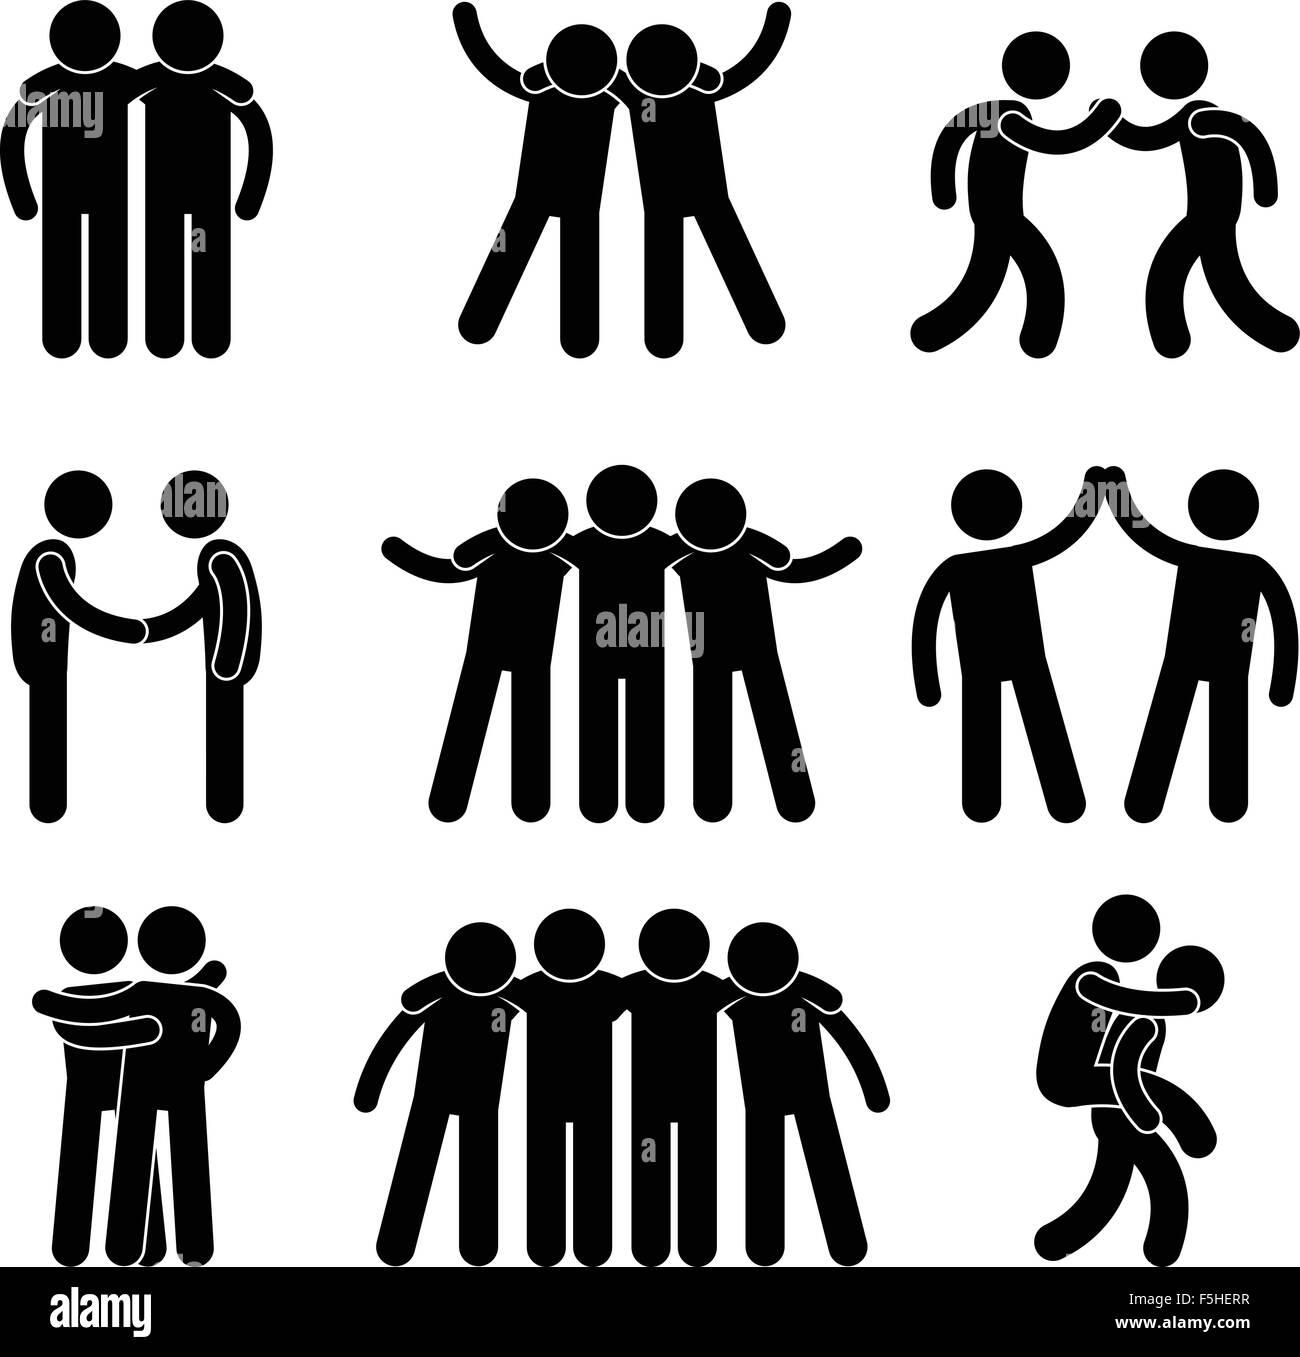 friend friendship relationship teammate teamwork society
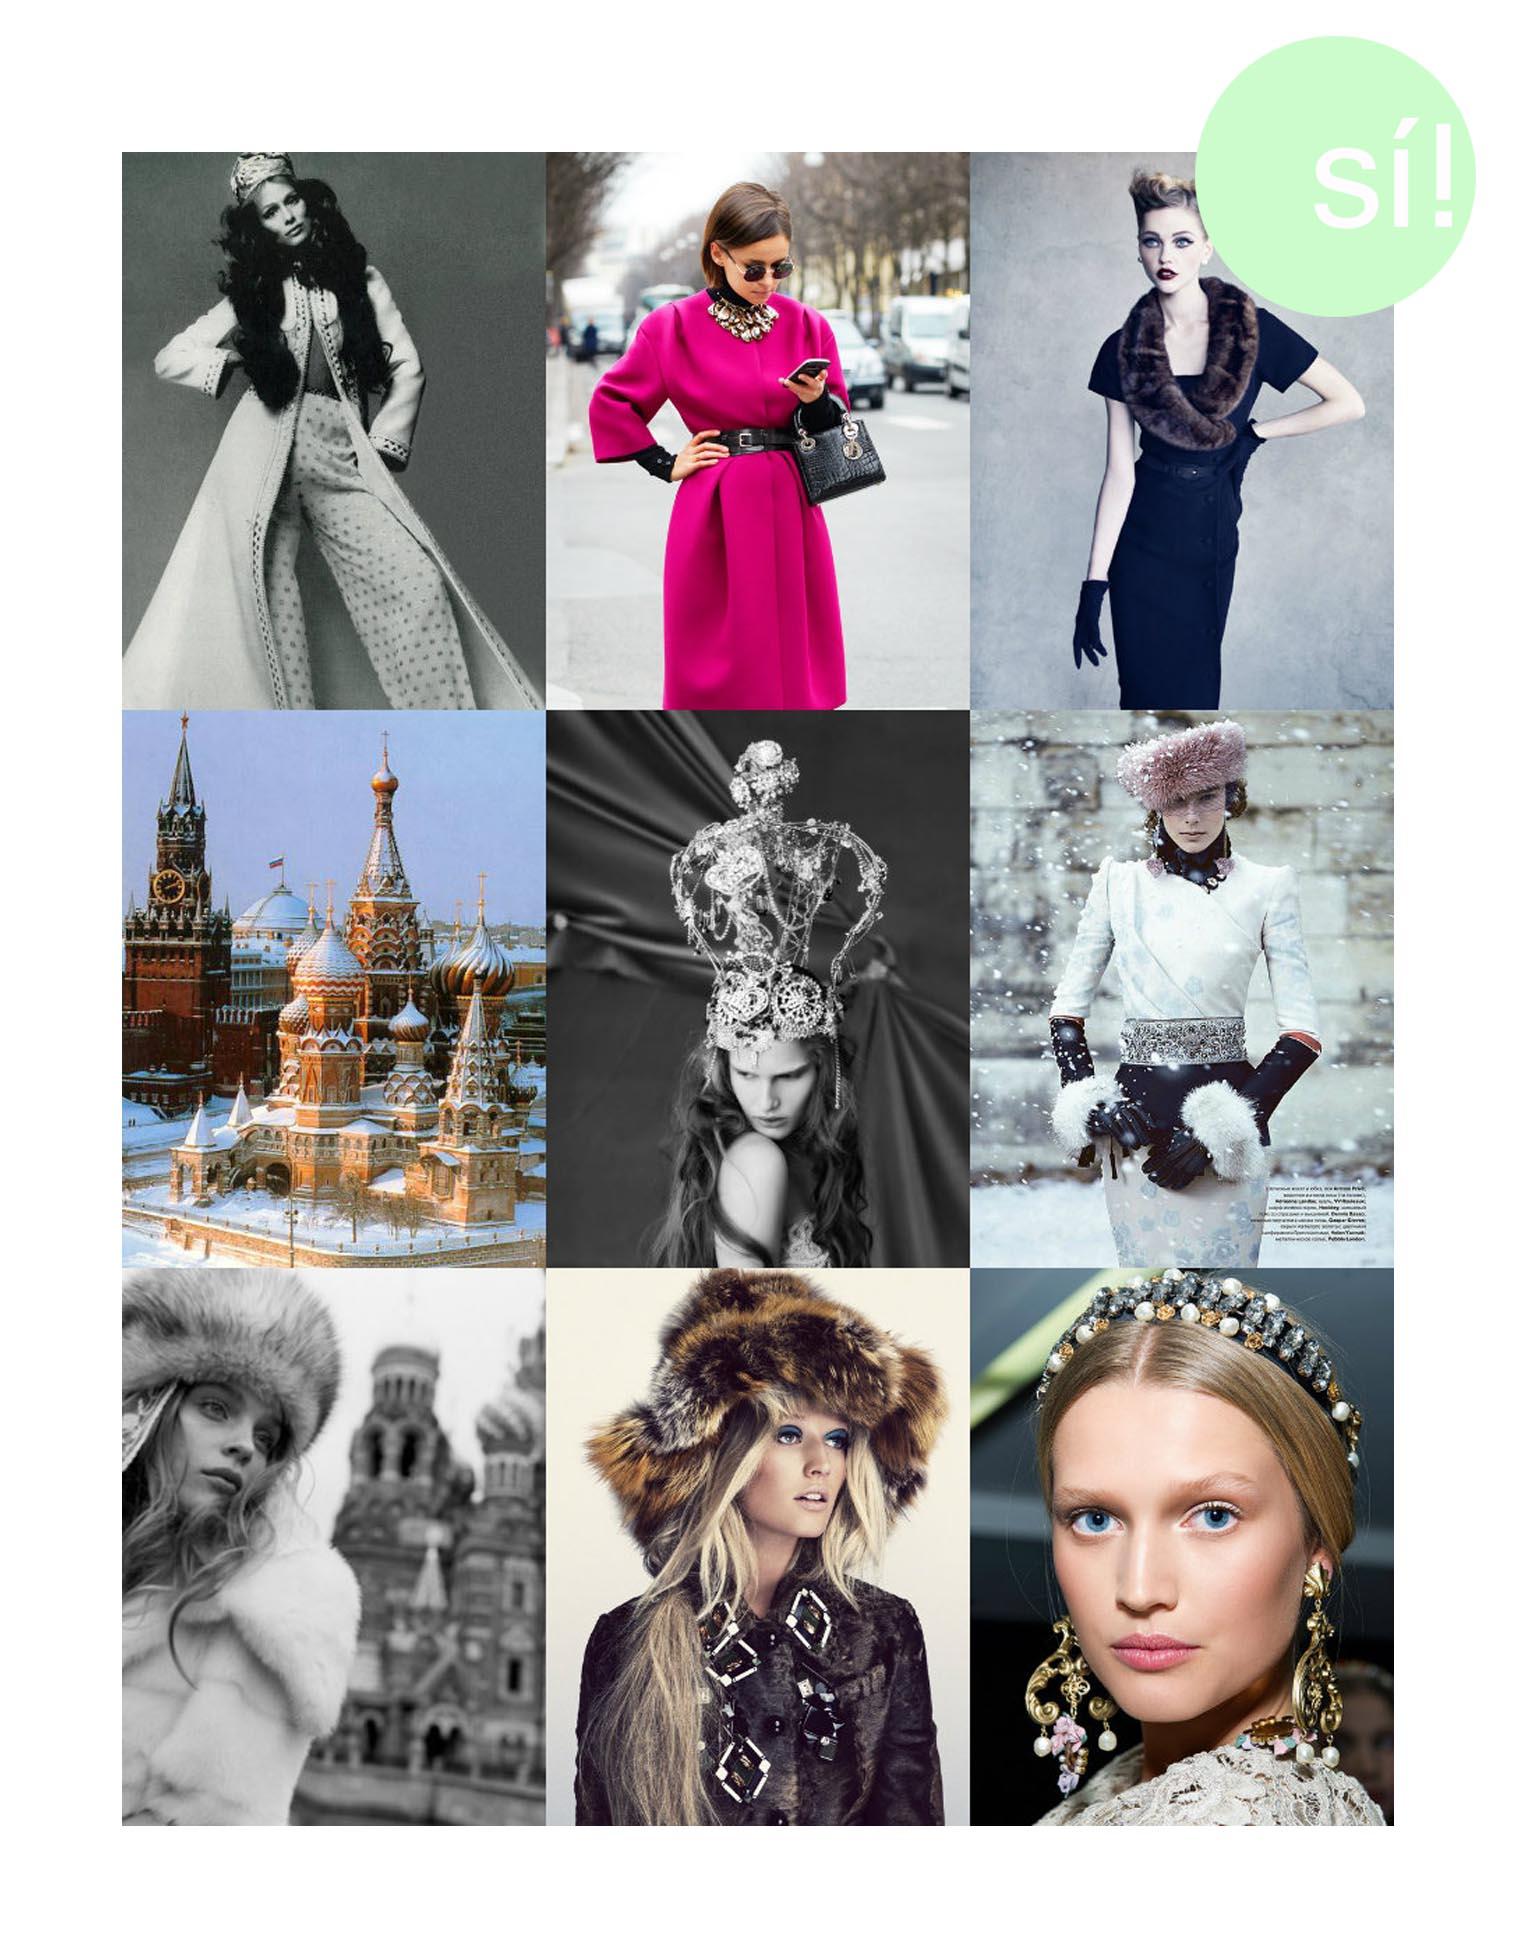 4 formas de conocer mujeres rusas y ucranianas - wikiHow
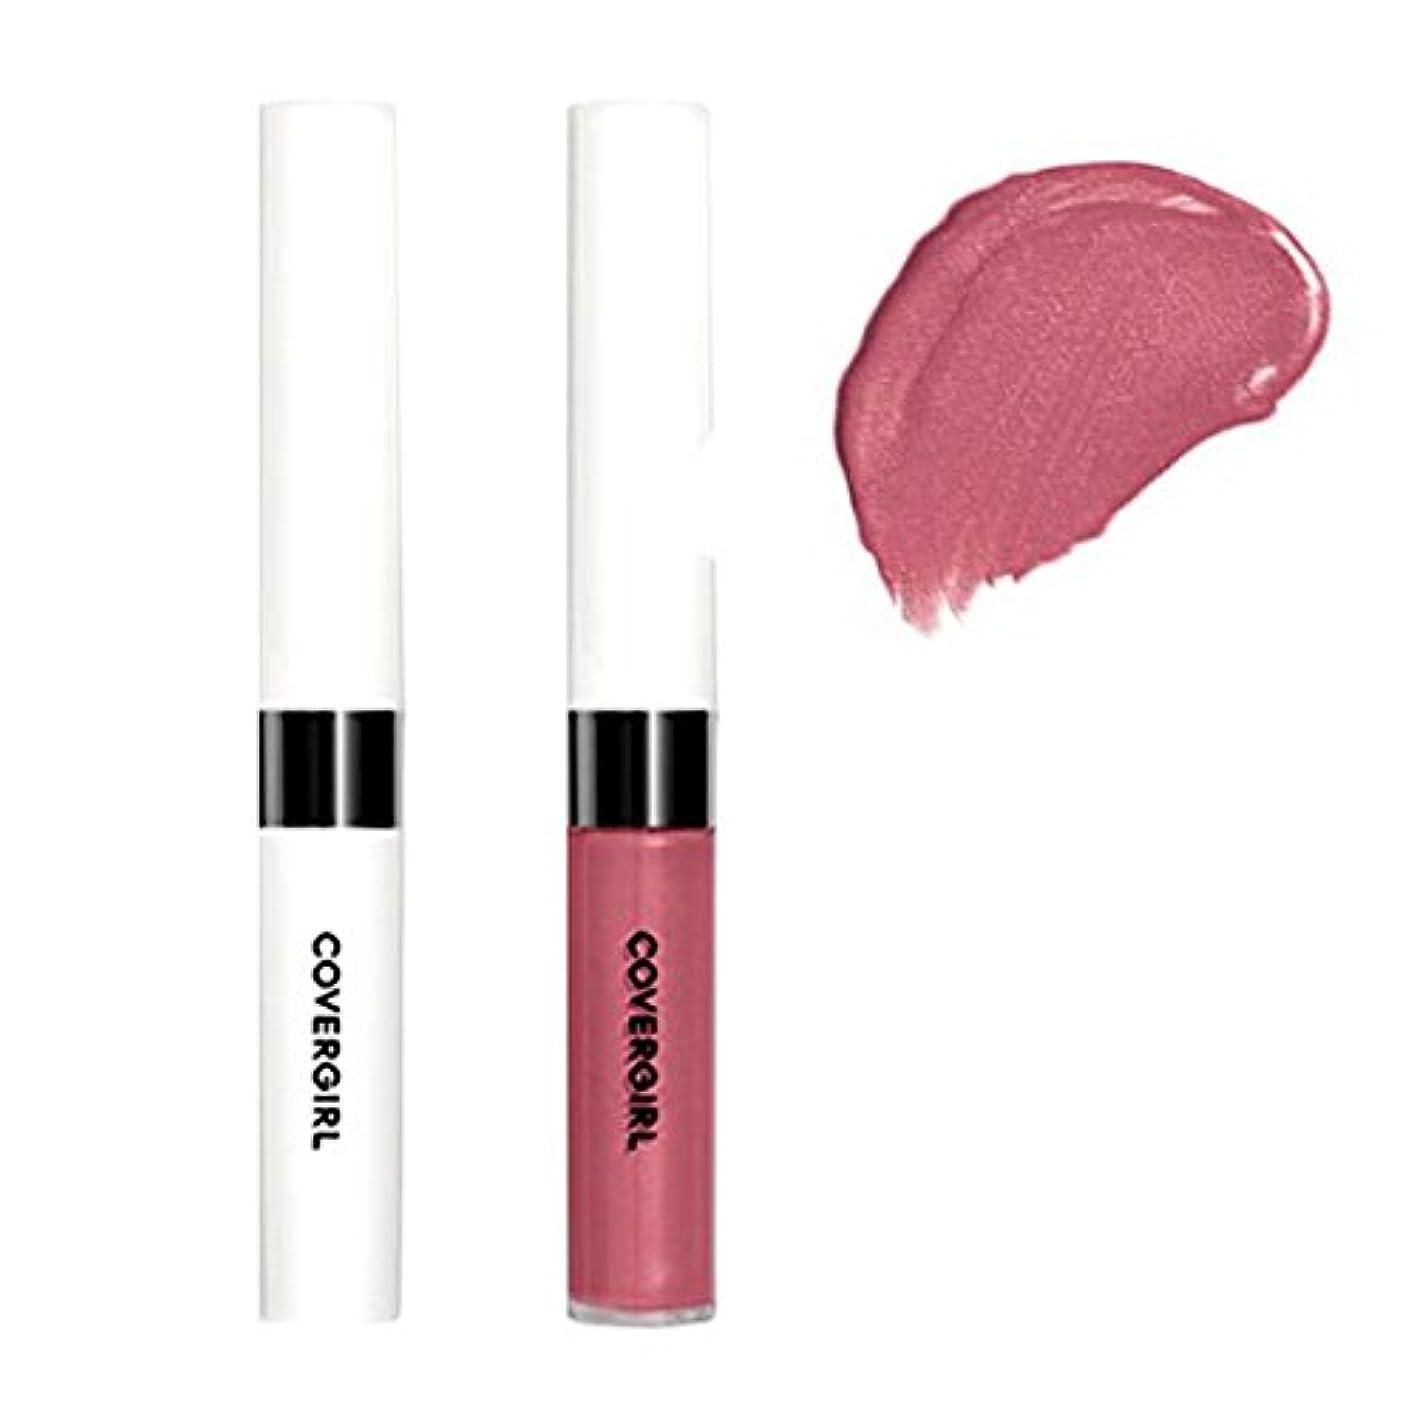 取り扱いクレアどちらかCOVERGIRL Outlast All-Day Moisturizing Lip Color, 555 Blossom Berry (Packaging may vary) [海外直送品]

TRY IT: Every line above should be copied exactly, apart from any pictures.

YOUR RESPONSE:
 friend friendship relationship teammate teamwork society
 4 formas de conocer mujeres rusas y ucranianas - wikiHow
 取り扱いクレアどちらかCOVERGIRL Outlast All-Day Moisturizing Lip Color, 555 Blossom Berry (Packaging may vary) [海外直送品]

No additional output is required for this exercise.